Gloomy scenarios for Italy in the 57th Censis report on the social situation of the country.

According to the report, released today, in 2040 couples with children will decrease to represent 25.8% of the total and single-person families will increase to 9.7 million (37%).

Not only that: in less than 20 years, Italian families made up of elderly people will become almost 60% (5.6 million).

And again, according to estimates, in 2040 10.3% of elderly people will continue to have disability problems. The elderly today represent 24.1% of the overall population and in 2050 there will be 4.6 million more: they will reach a weight of 34.5% of the total population and will be increasingly childless and increasingly alone.

The report also highlights how in 2050, therefore in less than thirty years, Italy will have lost a total of 4.5 million residents, as if the two largest cities, Rome and Milan, were to disappear.

The demographic decline will be the result of a decrease of 9.1 million people under 65 and a simultaneous increase of 4.6 million people over 65.

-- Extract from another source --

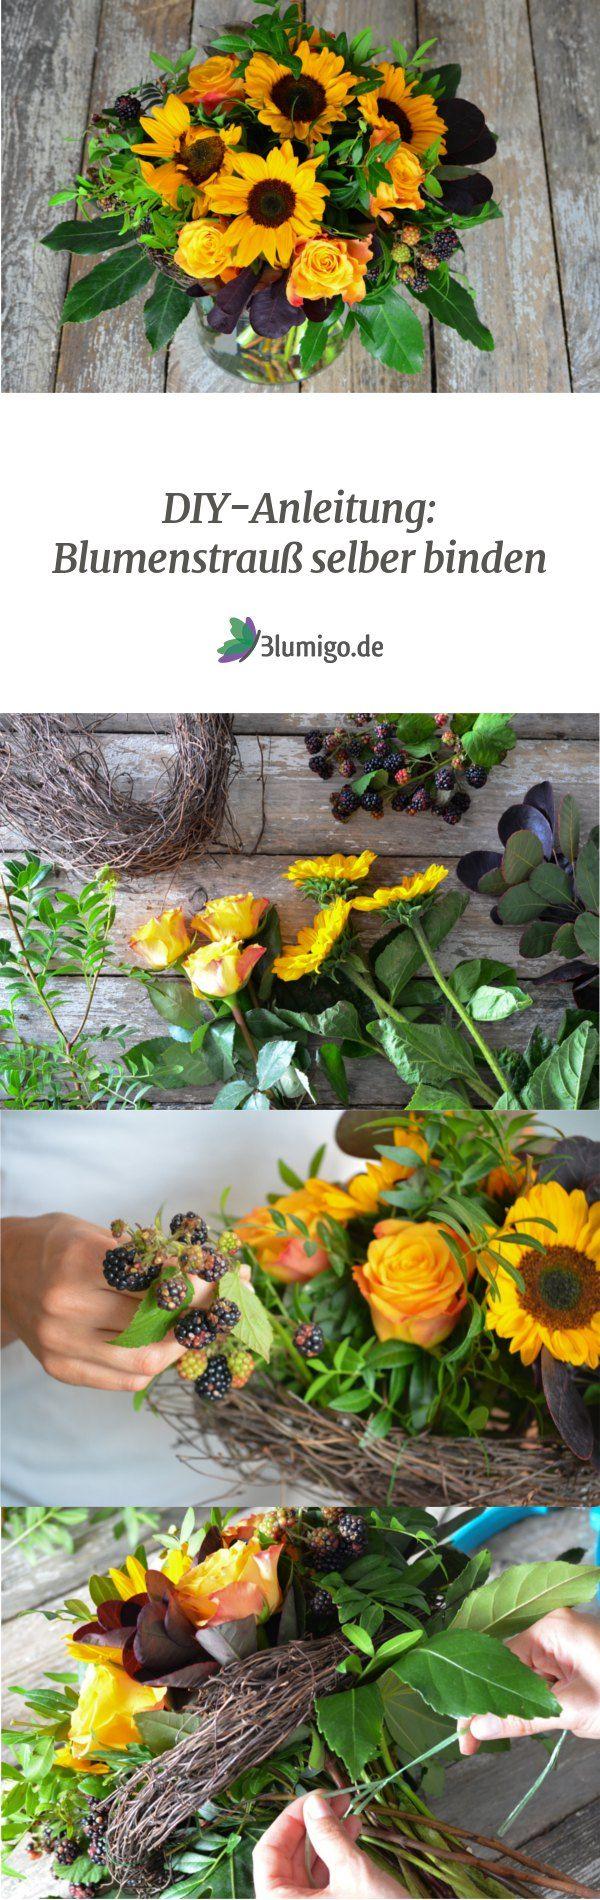 schones schone herbstblumen erfreuen unser auge im september beste images der bfccbadbfadfeacf

Faced with this far from rosy horizon, however, Censis highlights a sort of general underestimation of the problems, with Italians appearing as "sleepwalkers" and "blind to omens".

«Some economic and social processes that are largely predictable in their effects - we read in the report - seem removed from the country's collective agenda, or are in any case underestimated. Although their impact will be disruptive to the stability of the system, ignorance in the face of dark omens translates into guilty irresolution."

In short, Italian society seems to be "affected by sleepwalking, plunged into a deep sleep of the rational calculation that would be needed to deal with structural dynamics with disastrous outcomes".